American college football season

The 1974 Boston University Terriers football team represented Boston University as a member of the Yankee Conference during the 1974 NCAA Division II football season. In its second season under head coach Paul Kemp, the team compiled a 5–4–1 record (3–3 against conference opponents), placed in a four-way tie for third in the Yankee Conference, and outscored opponents 145 to 129.

When coach Paul Kemp took over at Boston University in 1973, he inherited a team that finished 2–8 in 1972. The team improved to 3–8 in 1973. Kemp termed the 1974 season "Project Turnabout", and the team opened with three wins and one loss. The team went 2–3–1 in its final four games, but still wound up with the program's first winning season since 1970. Near the end of the season, coach Kemp said: "We're happy with our winning season. I think we're a pretty good team and we've been getting better in each game."

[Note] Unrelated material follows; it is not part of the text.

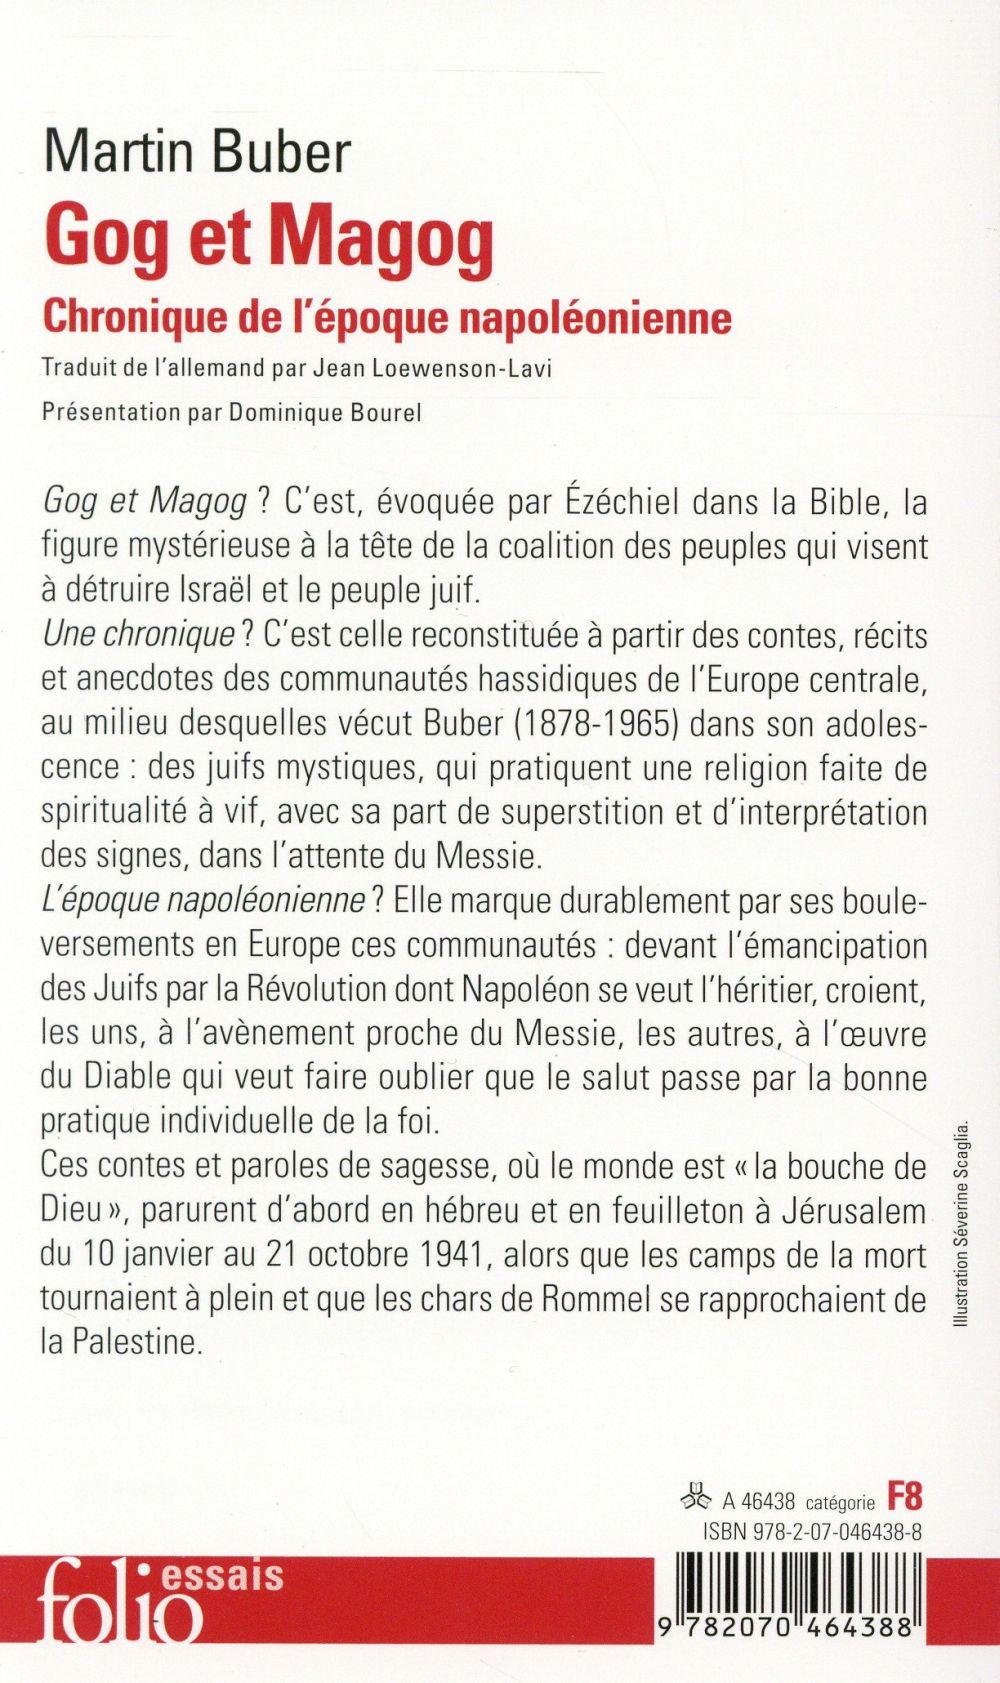 Gog et Magog ; chronique de l'époque napoléonienne

Several Boston University players received post-season honors in 1974. Five were named to the All-Yankee Conference football team selected by the conference coaches: offensive tackle Jim Roderick, offensive guard Kevin Brooks, center Don Chrisos, linebacker Gary Dziama, and cornerback Rick Porter. Two (Chrisos and Dziama) were also named first-team players on the All-New England team.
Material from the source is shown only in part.